I also removed the list of curious issues from one of the comments as
it's not currently known exactly what causes those other devices to
not work, as I've proven myself wrong on every single one of my
earlier assumptions.
After writing a userspace network driver, usb-rndis-ng [1], for the
ActiveSync RNDIS devices, not doing anything special at all, one of
the devices not working with rndis_host just worked (without correct
peripheral alignment, keepalives, using the status endpoint, etc.).
This leads me to believe that it's a timing-issue -- I'll try to find
some time one day to look at this in detail, using my cheezy hardware
USB sniffer to compare the traffic.
Ole André
[1]: http://synce.svn.sourceforge.net/viewvc/synce/trunk/usb-rndis-ng/
On 12/13/06, David Brownell <[EMAIL PROTECTED]> wrote:
From: Ole Andre Vadla Ravnas <[EMAIL PROTECTED]>
Windows Mobile 5 based devices described as supporting "ActiveSync":
- Speak RNDIS but lack the CDC and union descriptors. This patch
updates the cdc ethernet code to fake ACM descriptors we need.

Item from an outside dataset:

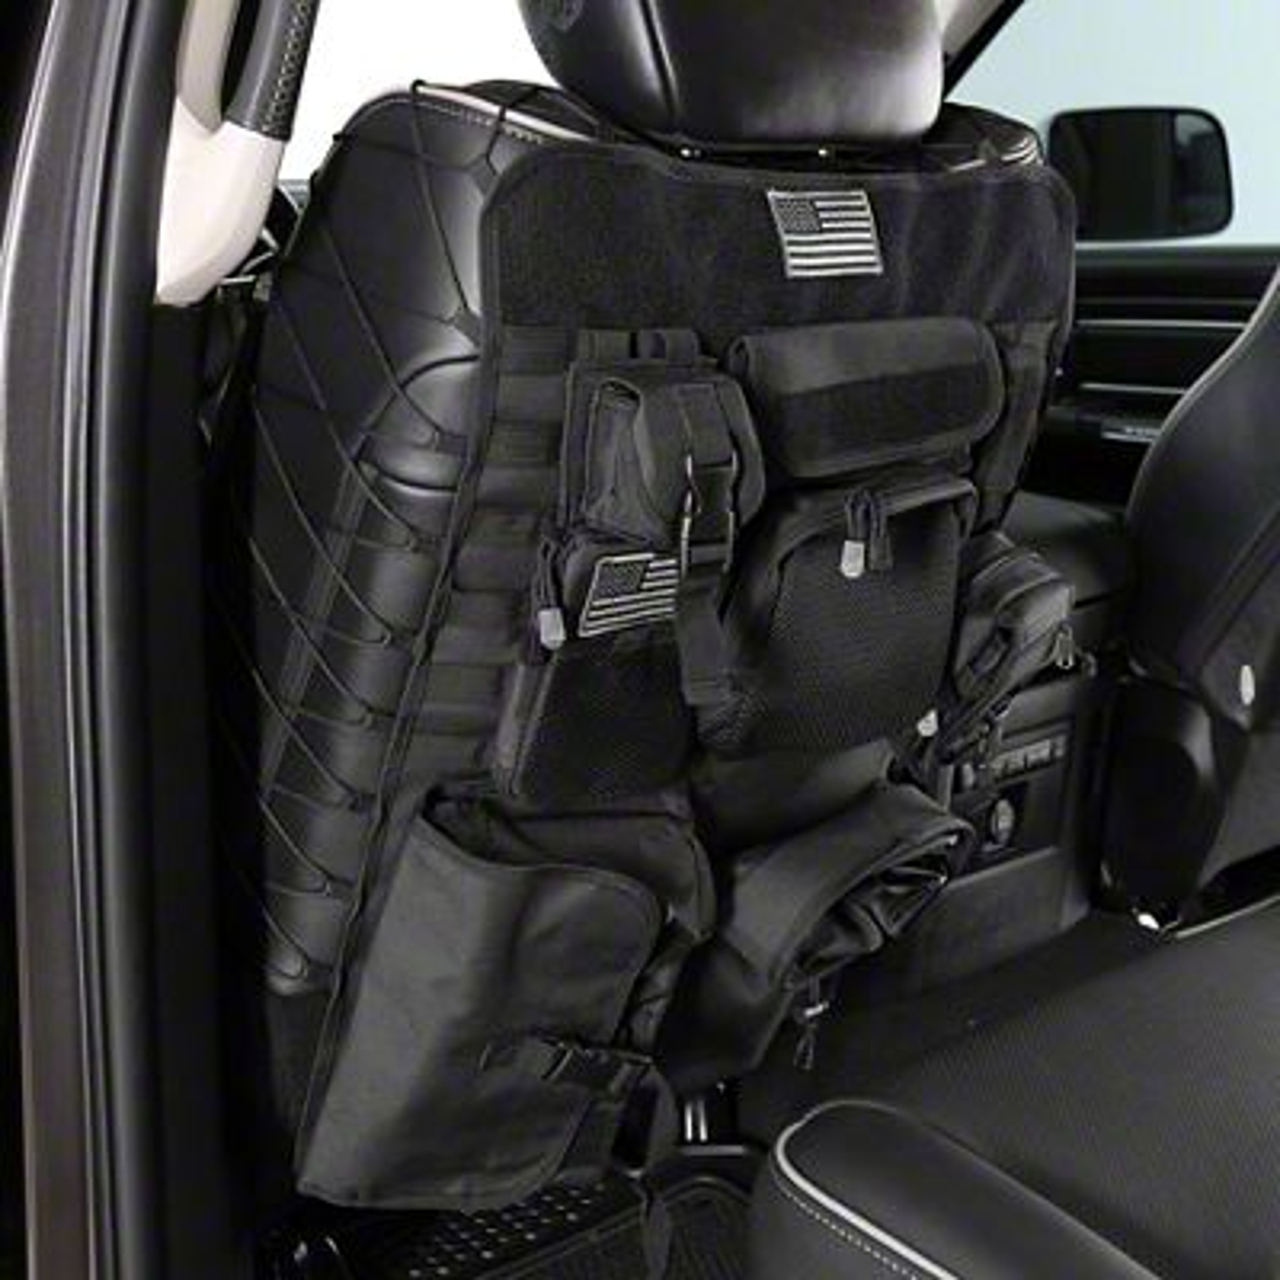 Smittybilt G.E.A.R. Front Seat Covers - Black (02-19 RAM 1500)

- Require RNDIS_MSG_QUERY messages to include a buffer of the size the
response should generate. This patch updates the rndis host code to
pass this will-be-ignored data.
The resulting RNDIS host code has been reported to work with several
WM5 based devices.
(Note that a fancier patch is available at synce.sf.net.)
Signed-off-by: Ole Andre Vadla Ravnaas <[EMAIL PROTECTED]>
Cleanup, streamlining, bugfixes, Kconfig, and matching hub driver update.
Also for paranoia's sake, sanity check any ACM desriptor we see, and refuse
to talk to something that looks like a real modem instead of RNDIS.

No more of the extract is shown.